Les textes

L'interprétation



         







AUTEURS :
- Dilthey
- Gadamer





    Le motif d'où est né l'habitude de séparer ces sciences [les sciences de l'esprit], considérées comme une unité, de celles de la nature s'enracine dans ce qui donne à la conscience que l'homme a de lui-même sa profondeur et sa dimension de totalité. Avant même qu'il éprouve le besoin de rechercher l'origine du spirituel, l'homme trouve dans cette conscience de lui-même le sentiment que sa volonté est souveraine, qu'il est responsable de ses actes, qu'il peut tout soumettre à sa pensée et résister à tout en se réfugiant dans la citadelle que constitue la liberté de sa personne, grâce à laquelle il se distingue de la nature entière. En effet, il se découvre au milieu de cette nature, pour reprendre une expression de Spinoza, comme " imperium in imperio ". Et, puisque n'existe pour lui que ce qui est un fait de sa conscience, chaque valeur, chaque fin de la vie s'inscrit dans ce monde spirituel qui agit en lui de façon autonome, le but de chacun de ses actes réside dans la création de faits spirituels. Ainsi s'établit-il une distinction entre le règne de la nature et un règne de l'histoire dans lequel, au milieu de l'ensemble soumis à une nécessité objective, et qui est la nature, la liberté jaillit, en d'innombrables points de ce tout, comme un éclair ; ici, les actes de la volonté - au contraire des changements qui s'opèrent dans la nature selon un cours mécanique contenant déjà en germe, dès l'origine, tout ce qui suivra - produisent réellement quelque chose grâce à une dépense d'énergie et à des sacrifices dont l'individu, dans son expérience, garde présente la signification ; ces actes finissent par provoquer une évolution, de la personne aussi bien que de l'humanité : ainsi se trouve dépassée, dans la conscience, cette répétition vide et monotone du cycle naturel dont se grisent, en y voyant un idéal du progrès historique, les adorateurs de l'évolution intellectuelle.

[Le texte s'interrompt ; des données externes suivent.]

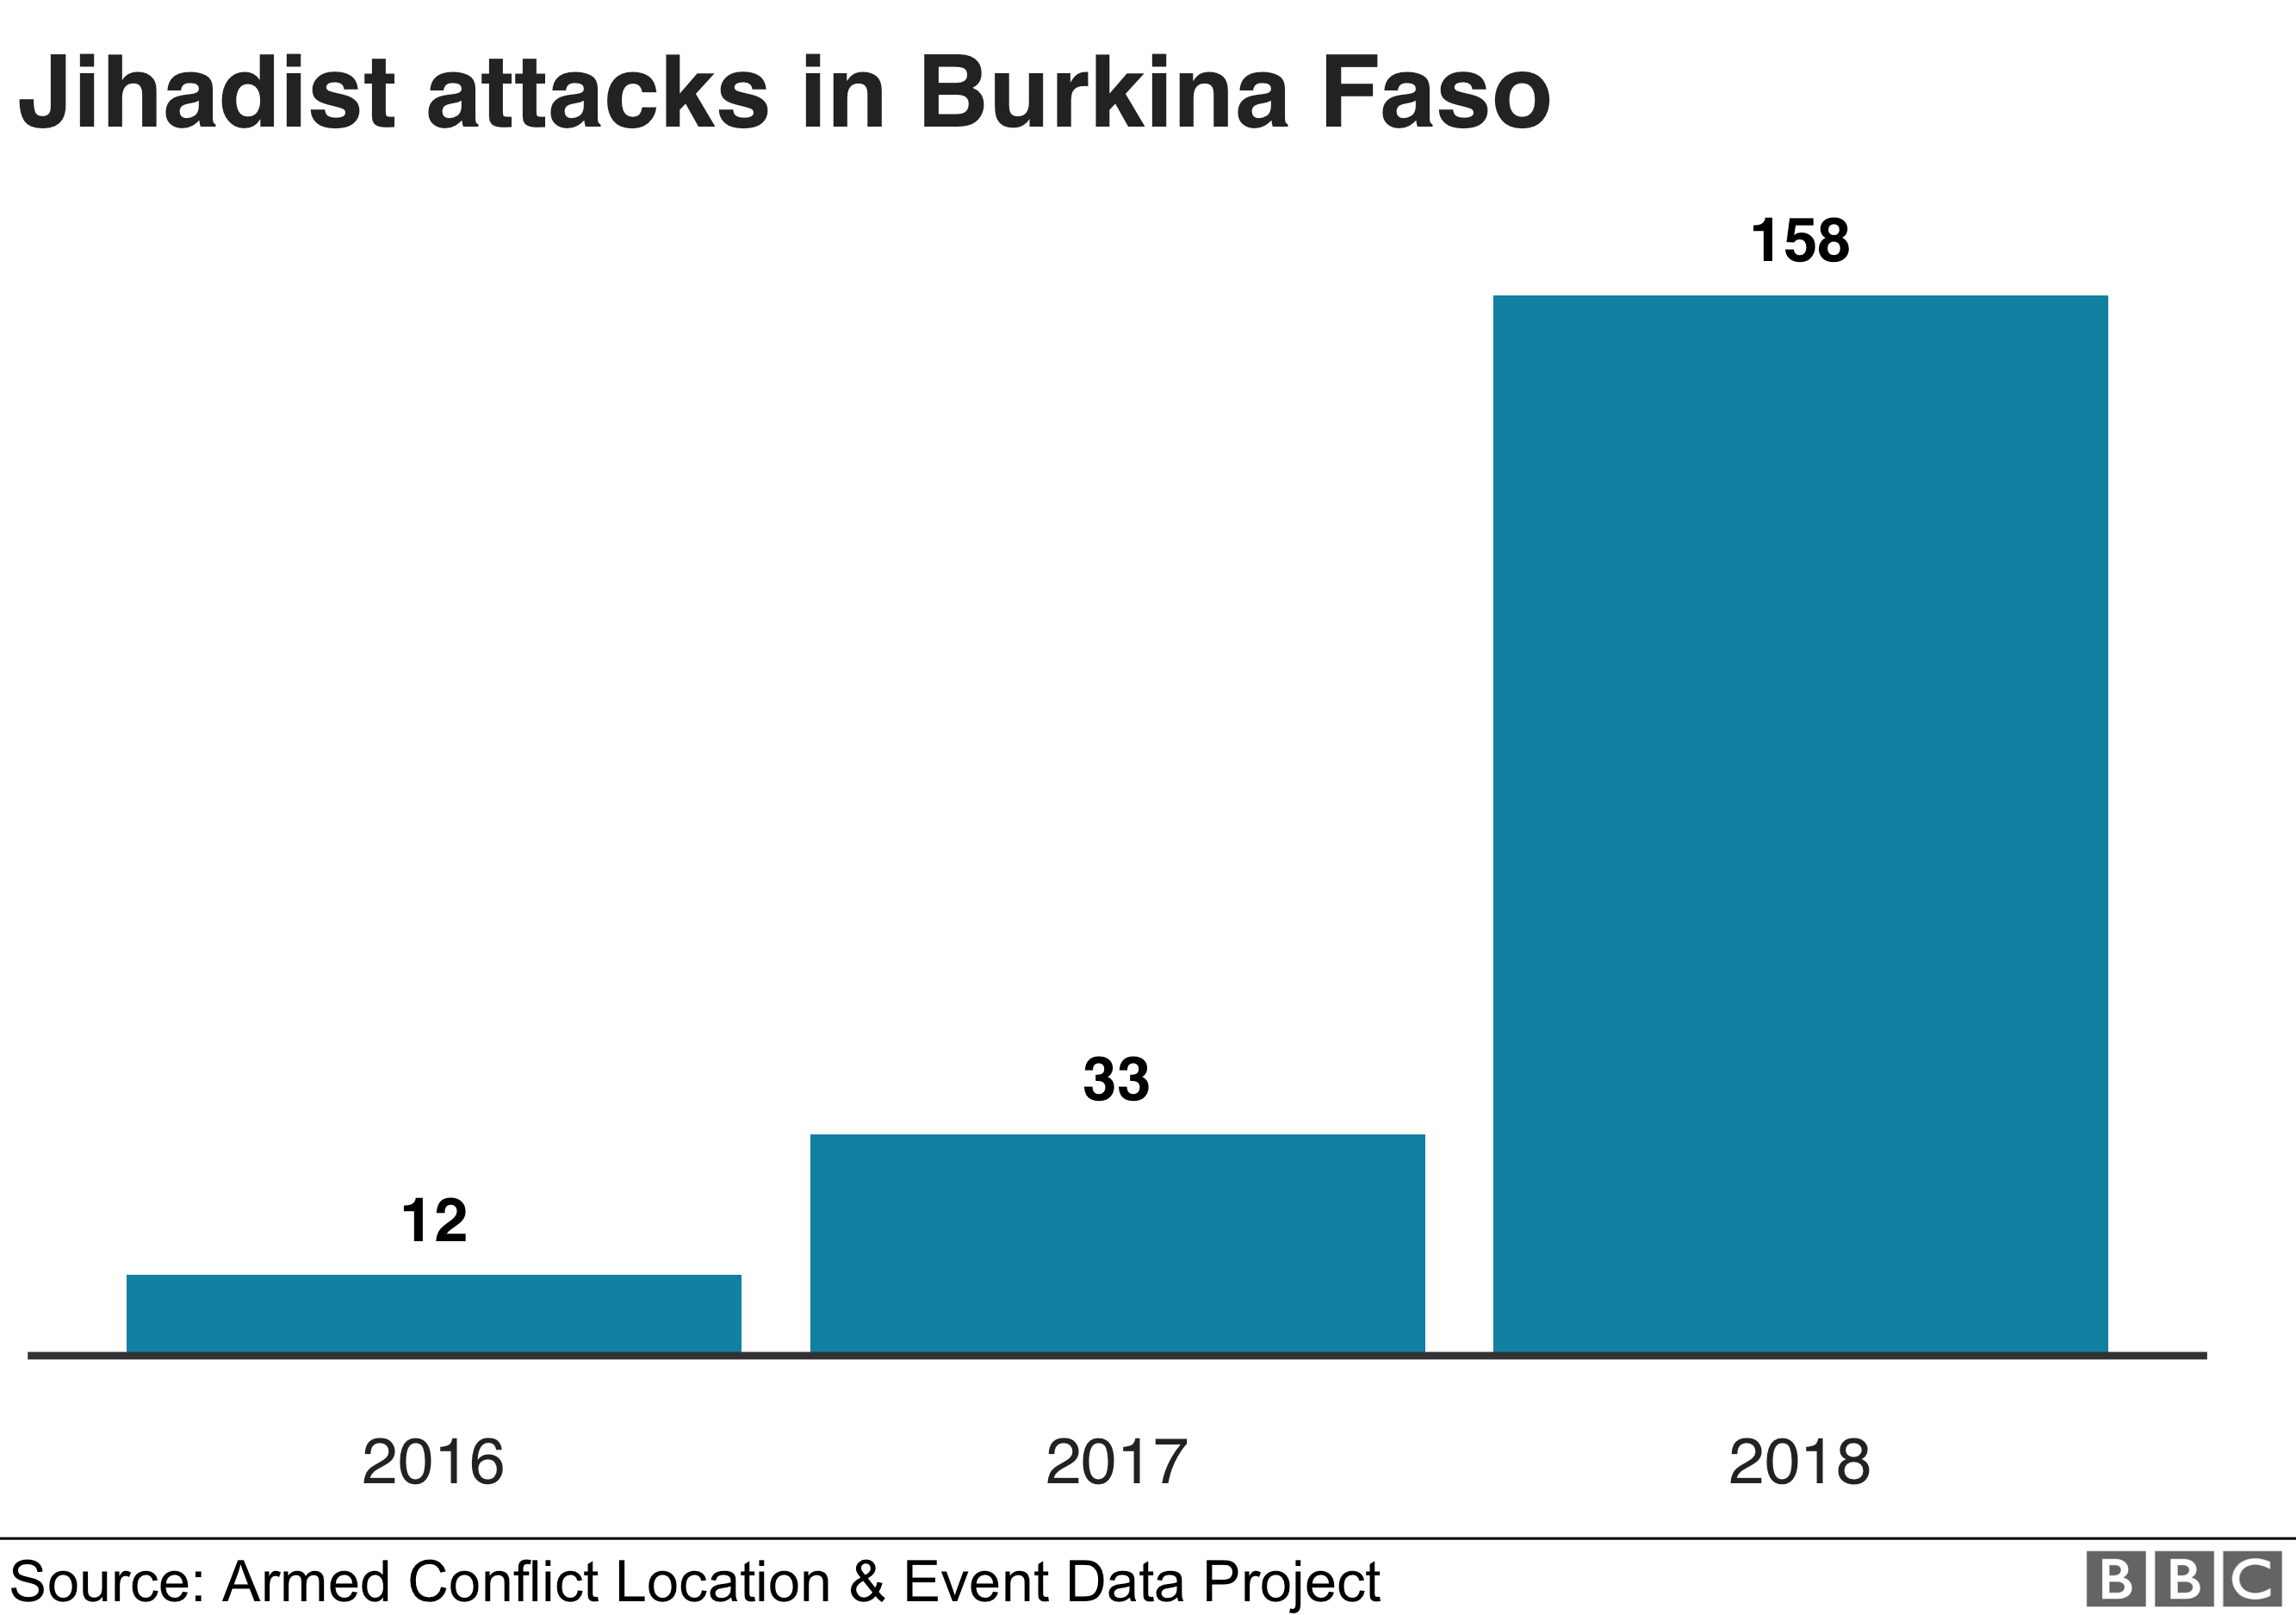 Graphic of jihadist attacks in Burkina Faso

Dilthey, Introduction aux sciences de l'esprit, 1883







    Se mettre dans la tradition et se tenir dans la tradition, tel est manifestement le chemin de la vérité qu'il s'agit de trouver en sciences humaines. Et toute critique que nous pouvons faire de la tradition en tant qu'historiens ne sert finalement qu'à nous rattacher à la véritable tradition dans laquelle nous nous tenons. Le fait d'être conditionné n'est donc pas un empêchement de la connaissance historique, mais un moment de la vérité elle-même. Elle doit elle-même être pensée si l'on ne veut pas y succomber de manière arbitraire. Ce qui compte ici d'un point de vue " scientifique ", c'est justement de détruire le fantôme d'une vérité qui serait indépendante du point de vue de celui qui connaît. C'est là la marque de notre finitude, dont il est indispensable de prendre conscience si l'on veut se prémunir contre l'illusion. La foi naïve en l'objectivité de la méthode historique était une telle illusion. Mais ce qui vient la remplacer, ce n'est pas un relativisme las, car ce que nous sommes et ce que nous pouvons entendre du passé n'est ni arbitraire ni aléatoire.
Ce que nous connaissons par l'histoire, c'est en fin de compte nous-mêmes. La connaissance en sciences humaines a toujours quelque chose d'une connaissance de soi. Nulle part la tromperie n'est-elle plus facile et plus naturelle que dans la connaissance de soi, mais nulle part ne signifie-t-elle autant pour l'être de l'homme, cette connaissance de soi, que lorsqu'elle réussit. En sciences humaines, ce qu'il s'agit d'apprendre de la tradition historique, ce n'est pas seulement ce que nous sommes tels que nous nous connaissons déjà, mais justement quelque chose d'autre, notamment recevoir d'elle une impulsion qui nous transporte au-delà de nous-mêmes. Ici, ce n'est pas ce qui ne fait pas problème et ce qui vient seulement satisfaire les attentes de notre recherche qu'il faut encourager. Il faut plutôt découvrir, et contre nous-mêmes, d'où peuvent provenir de nouvelles impulsions.